Dr. Swaminathan says she had faced many kinds of challenges and biases during her ICMR stint.
She is counted among the country’s top scientists and public health experts, but for Soumya Swaminathan, who is the Chief Scientist at the World Health Organization and the former Director General (DG) of India’s top medical research body, the Indian Council of Medical Research, it wasn’t always easy to be heard as a young researcher, and a woman at that. She was often “talked down to” or had her ideas dismissed, Dr. Swaminathan recounted before a global audience at an event on Tuesday.
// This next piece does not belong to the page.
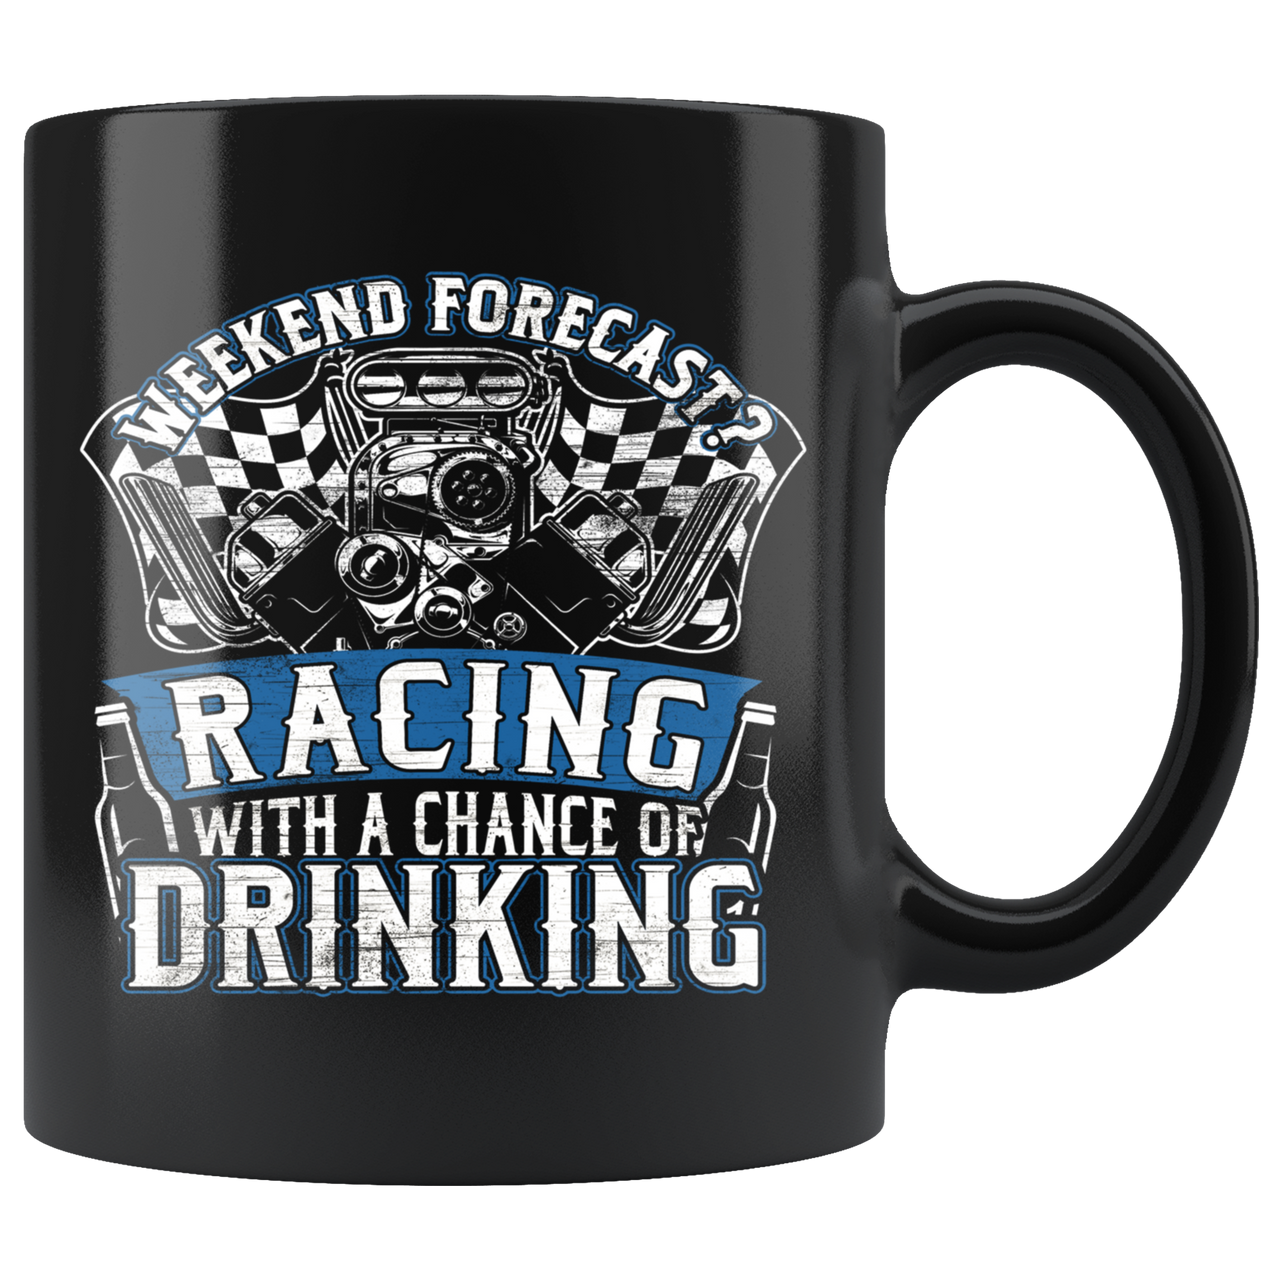 Weekend Forecast Racing With A Chance Of Drinking Mug!

“I was lucky perhaps that during my school, college days or right through education, even when I was doing my MD, I never felt that I was treated differently as a girl or a woman. Perhaps that is very unusual. It was only after I started my career in a government research institution that I experienced the culture of a male-dominated committee room. That’s when you felt you were being talked down to or made fun of almost. And then you become diffident of expressing your opinion the next time. I was in my thirties,” Dr. Swaminathan said about her time at ICMR, where she was first a part of the Tuberculosis Research Centre in Chennai, later rose to become its Director, and finally the head of the ICMR in New Delhi.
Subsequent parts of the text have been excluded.